Income from the Vision Fund was 129.6 billion yen, after a loss of 1.13 trillion yen in the previous quarter.
After the worst loss in his company’s 39-year history, Masayoshi Son has pulled off a remarkably quick comeback.
A global rally in technology shares lifted the value of SoftBank’s stakes in publicly traded firms such as Uber Technologies and improved start-up prospects in its portfolio, from China’s Didi Chuxing to South Korea’s Coupang.
Son was also selling off assets and buying back shares at unprecedented rates, pushing SoftBank’s own stock price to the highest in two decades.
“There is a real case for increasing valuations at the Vision Fund, given how much the overall tech markets have rallied,” Justin Tang, head of Asian research at United First Partners in Singapore, said ahead of the announcement. “There are still a lot of caveats.”
Son’s US$ 100 billion Vision Fund set up three years ago to invest in technology firms has been a core driver of SoftBank’s income.
SoftBank marks the valuation of its extensive portfolio up or down based on changes over the previous months, reporting the net result to the Vision Fund as a profit or loss.
The exact figures are not known but the valuation of a private peer will usually gain from a rally for a public corporation.
Take Uber for example. Over the last fiscal year, a plunge in its shares cost SoftBank billions, but in the quarter of June, the stock rebounded 11 percent.
That translates into a profit for the Japanese company and may mean that it can write valuations for the rest of its ride-hailing portfolio, which includes Didi, Southeast Asia’s Grab, and Ola in India.
Several SoftBank-backed firms have pulled off successful initial public offerings, improving prospects.
Online home insurance provider Lemonade more than doubled in the days that followed last month’s initial public offering, while oncology drug developer Relay Therapeutics has surged roughly the same amount since its trading debut.
Beike Zhaofang, a SoftBank-backed Chinese online property brokerage, said last week that it is trying to raise around US$ 2 billion in a US IPO. DoorDash, a SoftBank-backed US food delivery company, has filed paperwork for a public stock listing. Online insurance platform Policybazaar and e-commerce giant Coupang are preparing for next year’s offers.

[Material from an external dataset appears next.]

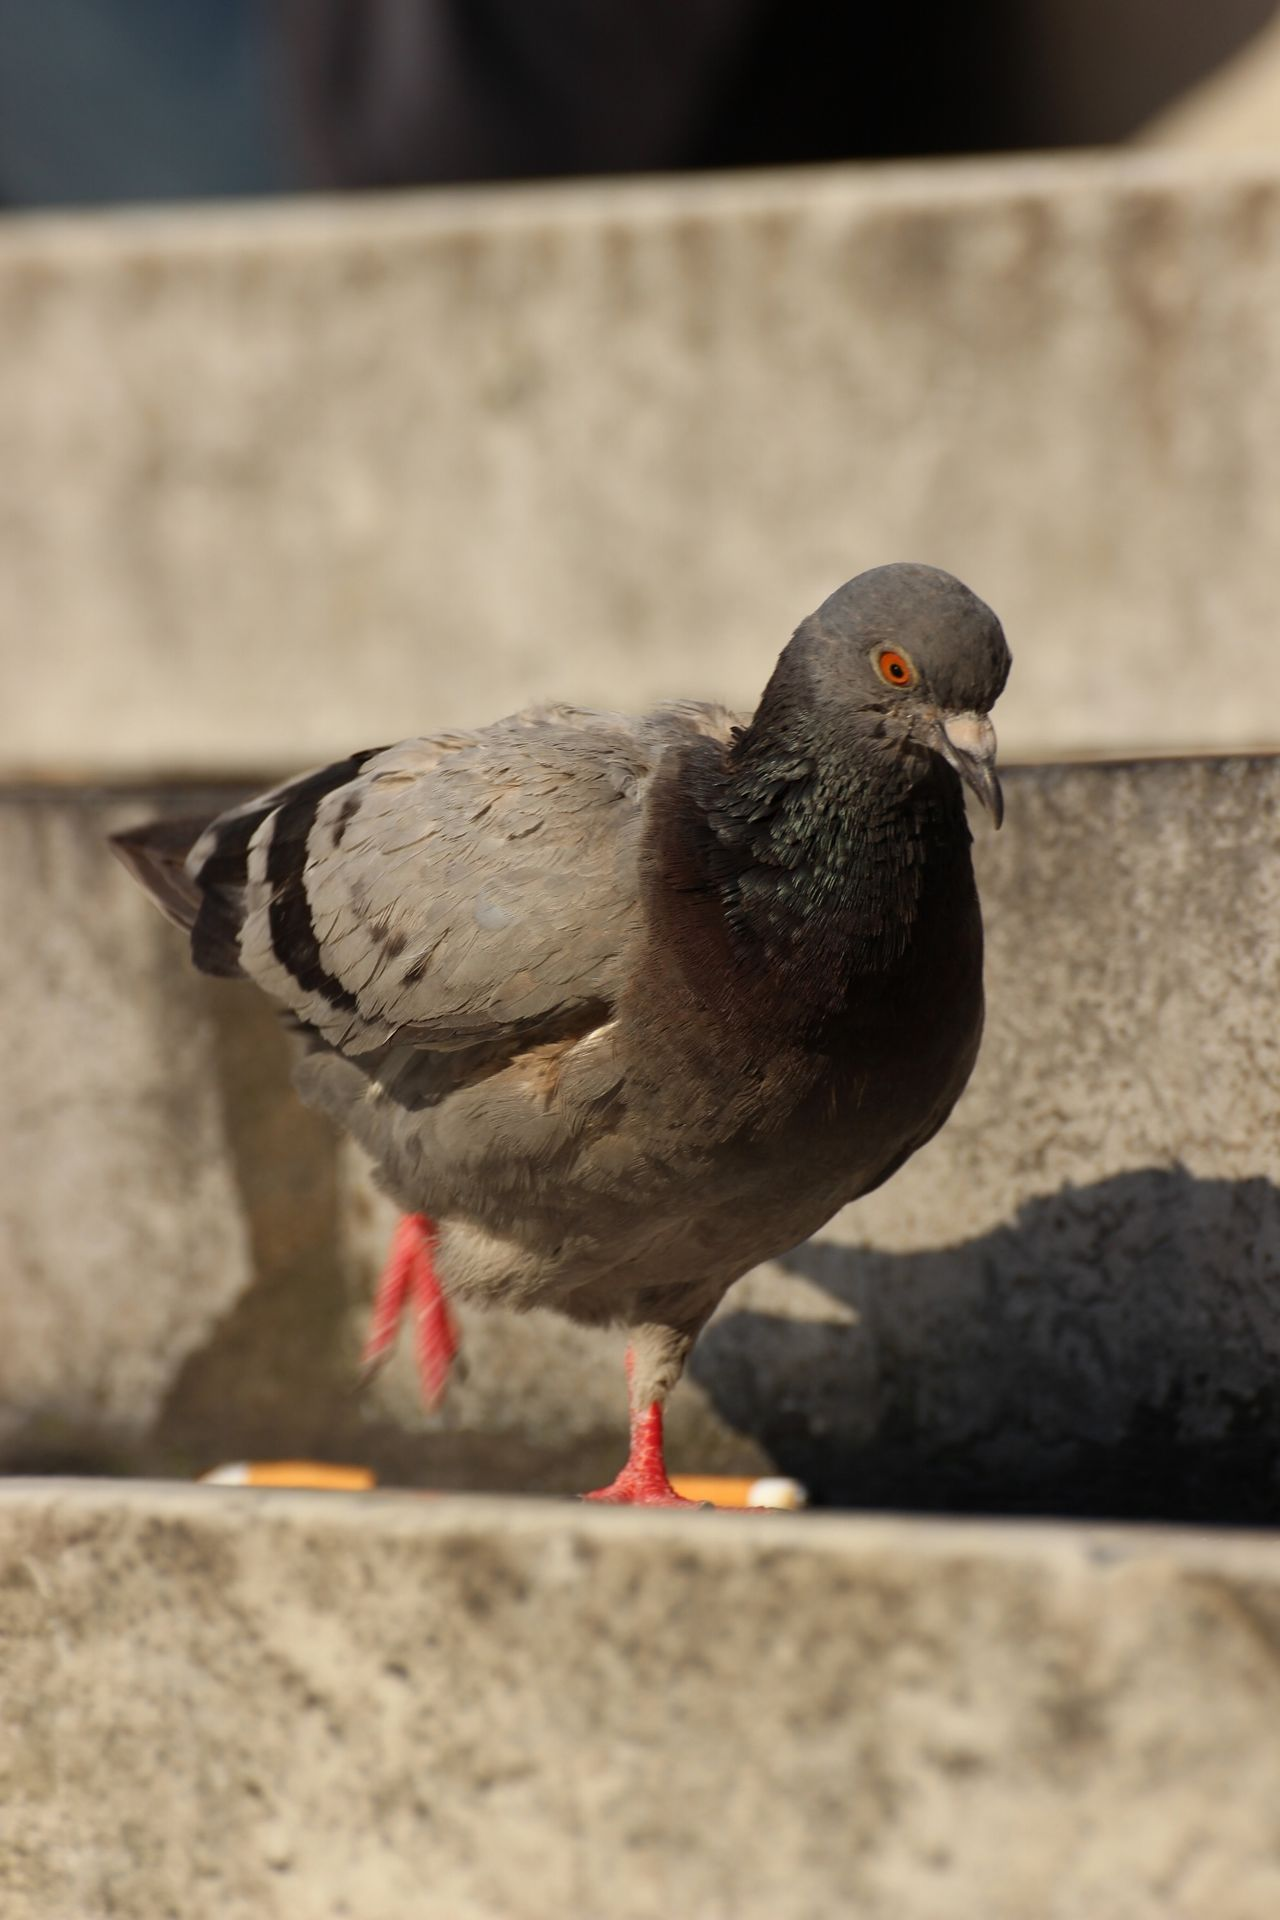 Animal Poll Animal Themes Bird Cigarettes Close-up One Animal Picoftheday Pigeon Pigeonslife Pollution Walking

Son put plans for a second Vision Fund on hold after missteps, including the meltdown at WeWork. Now, the fund’s upbeat results and a renewed investor appetite for risk could revive the idea, according to Atul Goyal, a senior analyst at Jefferies Group.
“With so much money sloshing around in the global financial markets, the idea of successive Vision Funds could be back on the table,” Goyal said ahead of the results announcement.
“SoftBank suffered some reputation damage with the first one, but in five or six months Son could have a few spectacular exits he can use to start raising money again.”